One way to test for these types of PDF's is to open the file in Acrobat, select some text, copy it and then paste it into Notepad. If the text is garbled then the PDF is using a subsetted font and there is not much more you can do. If Acrobat can't extract the text correctly then nothing else can. It may as well be a page of hieroglyphs.

How to change value of a textbox in a pdf

I have to make several certificates with the same design but different names. So I've tried to make an uncompressed pdf file with a place holder text and tried to change it with a text editor. For some reason it didn't work. I could only see a single letter of the replaced text.

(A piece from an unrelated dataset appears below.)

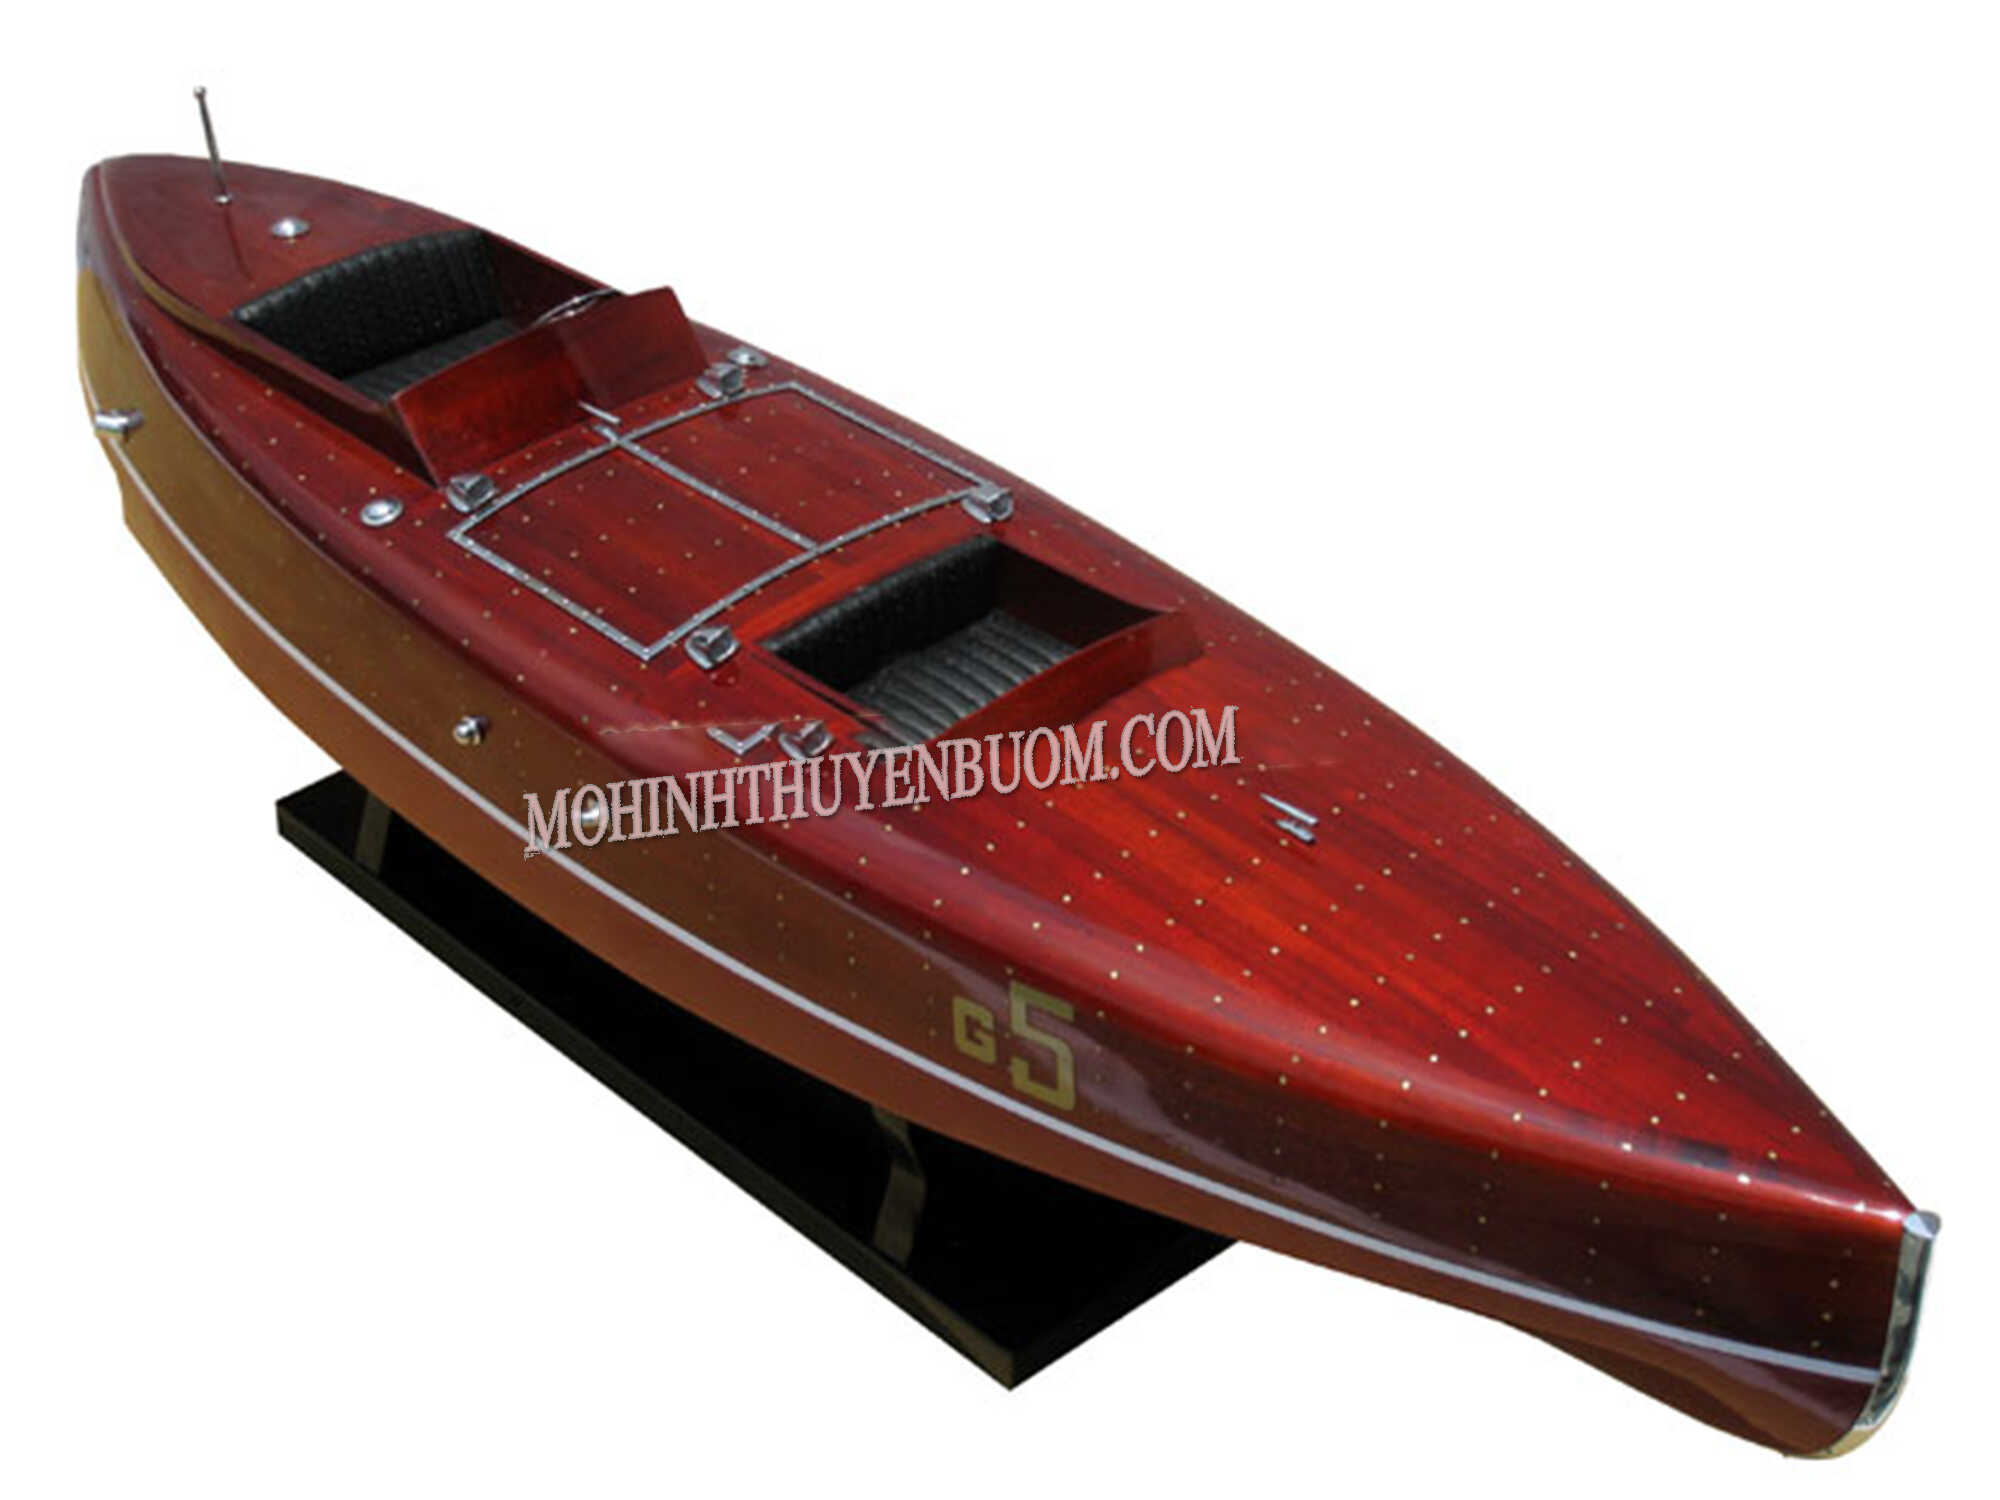 Chris Craft Deluxe Classic Boat Model 33.4"
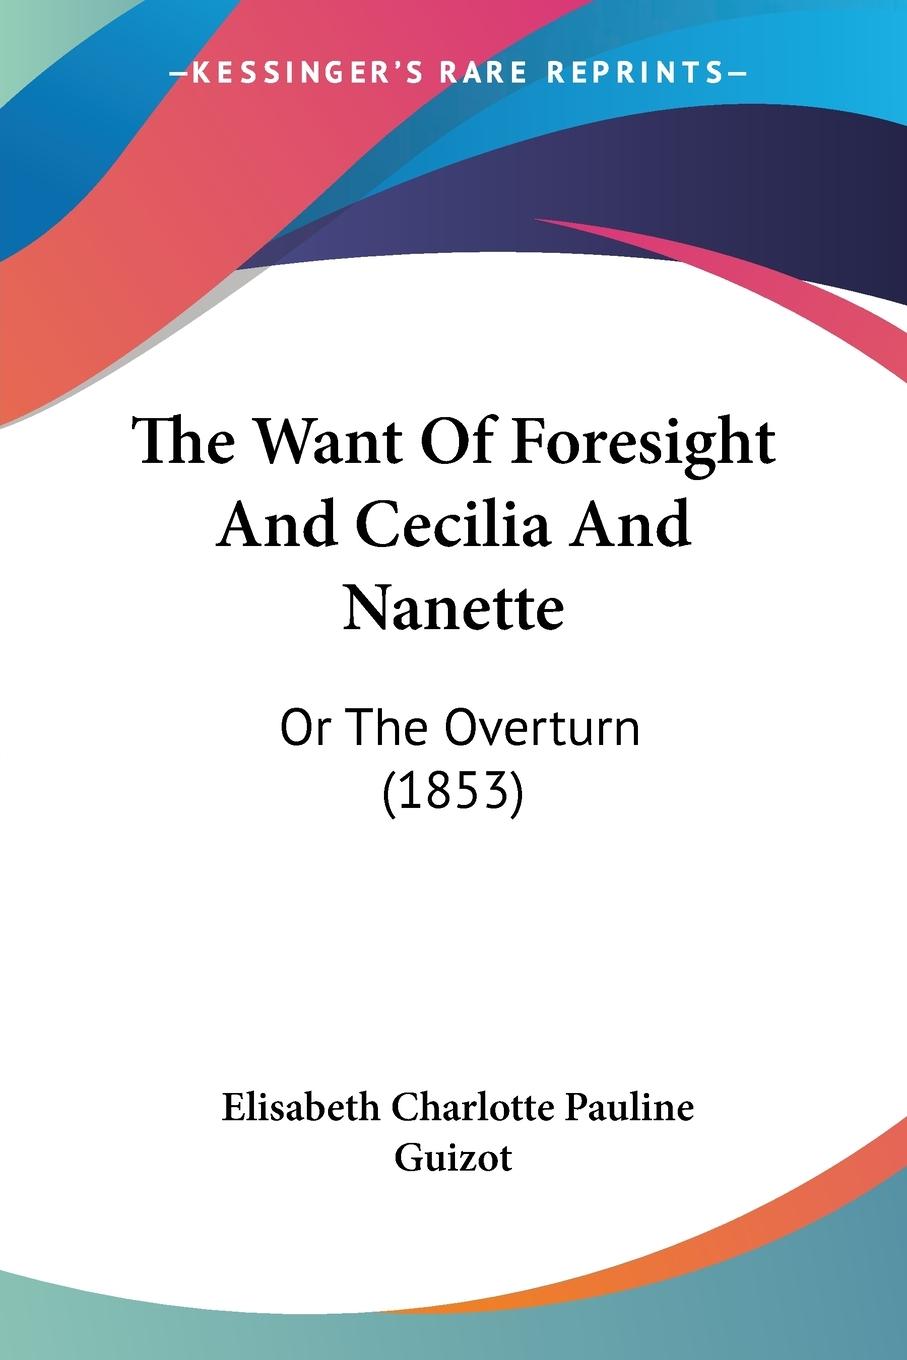 The Want Of Foresight And Cecilia And Nanette - Guizot, Elisabeth Charlotte Pauline

When I try the same thing with an eps file, it works but since eps doesn't keep (AFAIK) page orientation, there is a chance that it something will be different with different names.
Does anyone know why this didn't work or how to change a text box in a pdf file (with sed)?
(I created the master pdf with Illustrator CS4)
Thank you
In general, editing PDFs in a text editor is a Bad Idea. PDFs depend on the byte offsets of various objects to not move.
If you KNOW your editor won't change the EOL bytes (or what it thinks are eol bytes), and you DO NOT change the length of the text entry's object as a whole, you're okay.
For example:
1 0 obj
<</Type/Annotation/Subtype/Widget/V(PlaceHolder Value)/T(Field Title)...>>
endobj
If your new value is longer than "placeholder value", you're screwed.
Most PDFs contain quite a bit of compressed binary data. Some of that data WILL be misinterpreted as EOL characters. Changing them will:
a: break your compressed stream
b: possibly change the byte offsets of the rest of the PDF.
When I hack on PDF files, I always use a hex editor.
Bottom Line: Don't mess with PDFs as a text stream. Mess with them as PDF files, using a PDF library. There's sure to be one capable of altering form field values in your language of choice.
You can also look into FDF and XFDF to see if they'll suit you better. Both file formats store field/value pairs and a reference to the form to use with those pairs. FDF uses PDF's syntax, while XFDF is an XML grammar. You can serve the [X]FDF to your end user and they will see the filled-in form.
WARNING: Unless the form is Reader Enabled (requires Acrobat (pro?)), they won't be able to save the version of the form they get after opening the [X]FDF, only view/print it. Of course they can save the [X]FDF, but many users might balk at this Strange New Format.